Good for when you just need a unique name for some "scratch" variable that shouldn't conflict with anything else.
; Generate the assignments needed to swap the values of two variables
(macro swap
(lambda (varA varB)
(var swapVar ((. this gensym))) ; Generate a new symbol we can use
(return ((. this multi)
; Save a's value in the swap variable
`(var ,swapVar a)
; Assign b's value to a
`(= a b)
; Assign the swap variable's value to b
`(= b ,swapVar)))))
(swap x y)
var $779e98ee_d2cf_413c_b608_c0aa93722ef4 = a;
a = b;
b = $779e98ee_d2cf_413c_b608_c0aa93722ef4;
A lot like Common Lisp's gensym.
Answers the question of "Would this compile to an expression?". As opposed to a statement, that is.

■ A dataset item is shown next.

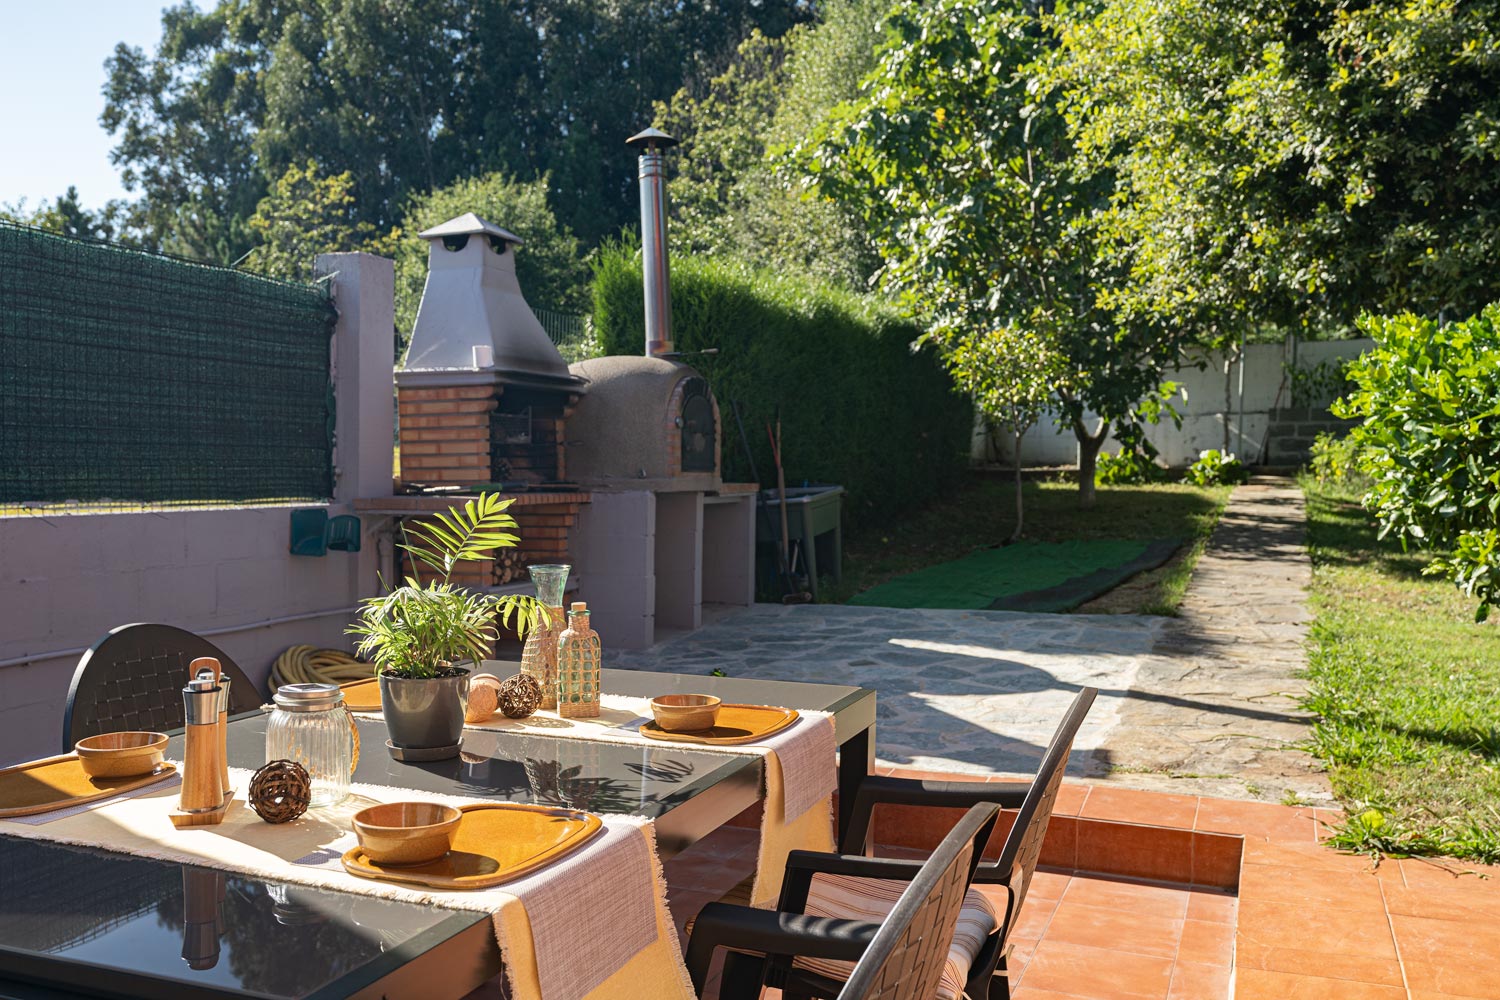 Terraza con mesa y sillas, junto a zona de barbacoa en el jardín

Handy for things like writing a macro that lets you define functions that implicitly return the last thing in their bodies if it's an expression.
(macro fn (lambda ()
(var args ((. Array prototype slice call) arguments))
(var fnArgs (. args 0))
(var fnBody ((. args slice) 1))
(var lastInBody ((. fnBody pop))) ; pop off last thing in body
(var lastConverted
(?: ((. this isExpr) lastInBody) ; if it's an expression
`(return ,lastInBody) ; convert it to a return statement
lastInBody)) ; otherwise just return it as-is
((. fnBody push) lastConverted) ; push the maybe-converted thing back on
; return the function definition
(return `(lambda ,fnArgs ,@fnBody))))
(fn (a b) (+ a b))
(function (a, b) {
return a + b;
});